Eating Romanesco: For best flavor and texture, buy two, so you can display one and keep the other in the coldest part of the fridge until you eat it asap. Simplest thing is to eat it raw, with coarse salt. Next easiest thing is raw with just about any dip, although the very best may be
Translates “hot bath,” and must be hot to be tasty, so the most important ingredient is a small chafing dish or a saucepan that fits neatly on a portable burner. Good with any vegetable firm enough to dip; just be sure to let whatever it is come to room temperature before serving; the vegetable will have better flavor and it won’t cool its coating and spoil the effect. This recipe is adapted from from my 1969 edition of Ada Boni’s justifiably durable – albeit currently out of print – Italian Regional Cooking. It’s much heavier on butter than most, and even I, the Dairy Queen, often use mostly oil. But before you dismiss the butter out of hand, try it, especially with strong flavored vegetables such as the traditional cardoon ( also endive, celery root, bell pepper and cole flowers ).
½ pound unsalted butter
¼ cup olive oil
2 – 4 tablespoons minced garlic ( use more if it’s hardneck , less if it’s conventional)
6 canned anchovy filets
optional : 1 small thinly sliced truffle
Melt butter with oil over low heat, then add garlic and let it seethe without coloring. Remove from heat, add anchovies and let them sit a minute to soften. Mush them around with a wooden spoon until they dissolve. ( Add truffle if using), salt to taste, reheat to simmering and serve ditto.
Please report back if you try the truffle; confess I’ve never in 40 years of using the recipe.
Cooking Romanesco: like broccoli and cauliflower, chunks are tastiest steam-sautaéed.
1. Cut off florets, cut interior into slightly-less-than floret size chunks. Boil about 1/2 inch of water in a non-reactive sautaé pan large enough to hold the pieces in a single layer.
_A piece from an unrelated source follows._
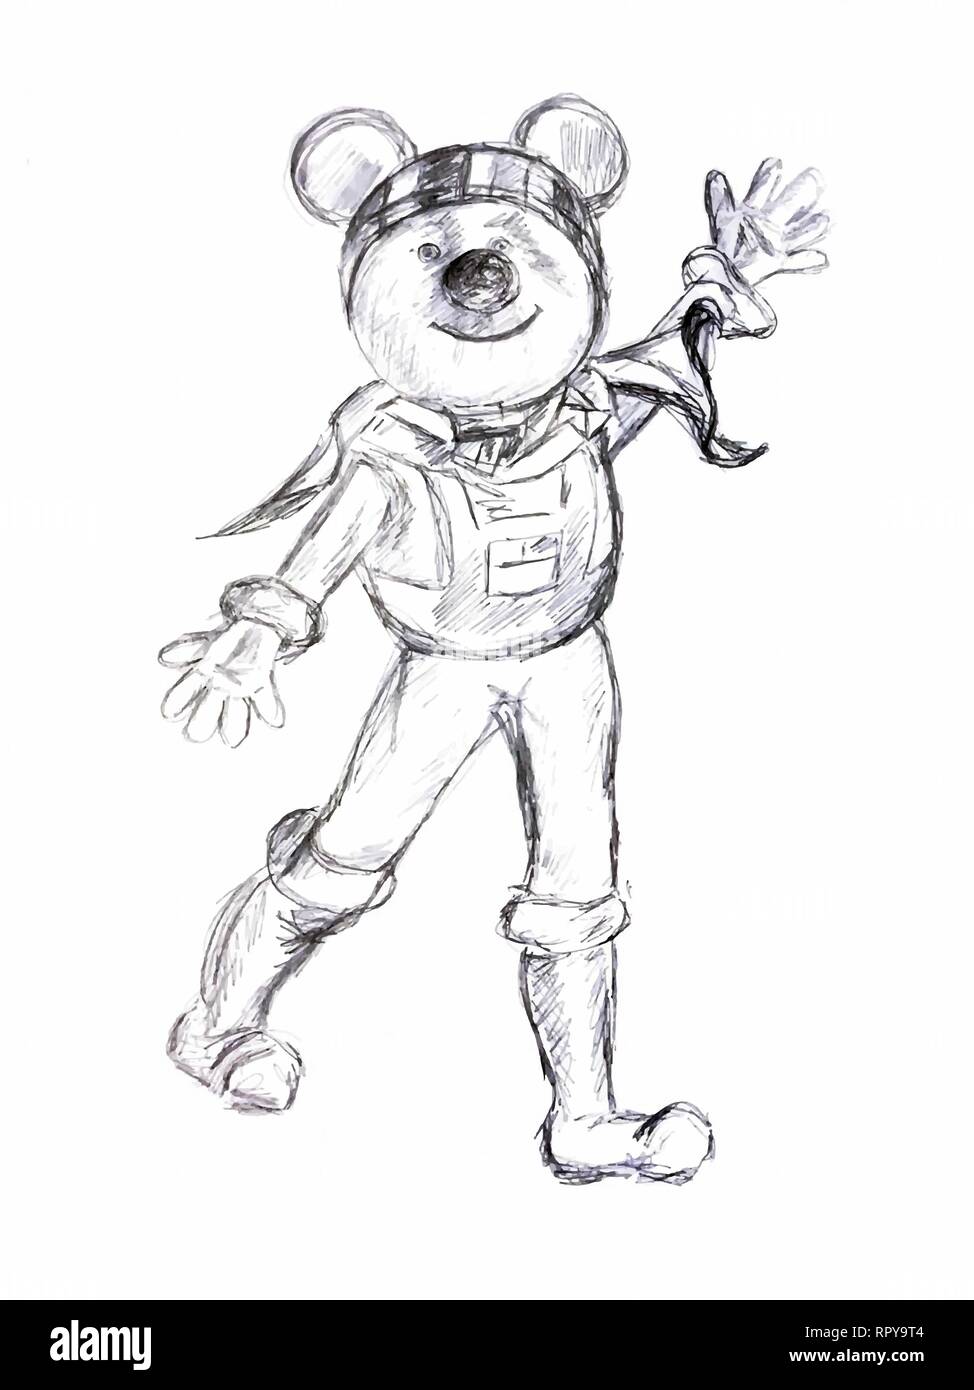 Cartoon alien carattere come un orso con le orecchie grandi e vestito con una tuta spaziale. l'immagine è disegnata con una matita. Illustrazione Vettoriale

Add pieces, partially cover the pan and stay nearby, alert for the sizzle of “watersallgoneeeek!”. Shake pan (or stir contents) from time to time.
2. In less than 5 minutes, when almost all of the water has evaporated, test a chunk. If it’s still near-raw, turn down the heat, cover the pan and keep cooking until almost done. If initial boiling yields almost done, proceed at once to
3. Remove cover. Stand right there shaking the pan until it’s dry, then add enough olive oil or butter to coat all pieces thinly. Add seasonings if wanted: minced garlic, shredded lemon zest, julienned sweet or hot red pepper, toasted cumin seeds… Turn heat to medium and keep cooking until the chunks are just cooked through and starting to turn gold at the edges. Sprinkle w/ coarse salt and eat ’em up. Good cold if you use olive oil.
Why I say growing Romanesco is a pain:
There are a number of different cultivars, some hybrid, some open pollinated (Romanesco dates back to at least the 16th century), but even the earliest takes about 80 days to single-head-per-plant harvest , counting from when you plant out the 4 to 6 week old seedlings. Seedlings are frost tender, but those 80 days must all be cool ones, so Romanesco is a fall crop in the Northeast.
That means getting the seedlings going in the heat of summer, a challenge given their preferred growing temperature of roughly 60 degrees. Then, Romanesco being a cauliflower, it needs near-neutral, highly-fertile soil, plenty of moisture, plenty of room to grow – at least 18 inches between plants and 30 inches between rows – and plenty of attention to bug and disease prevention; Romanesco is vulnerable to every one of the 350,000 afflictions that target brassicas. Other than that, piece of cake.
John Walker was attracted by Romanesco’s fractal form, then fell briefly into vegetable love before once more romancing the math.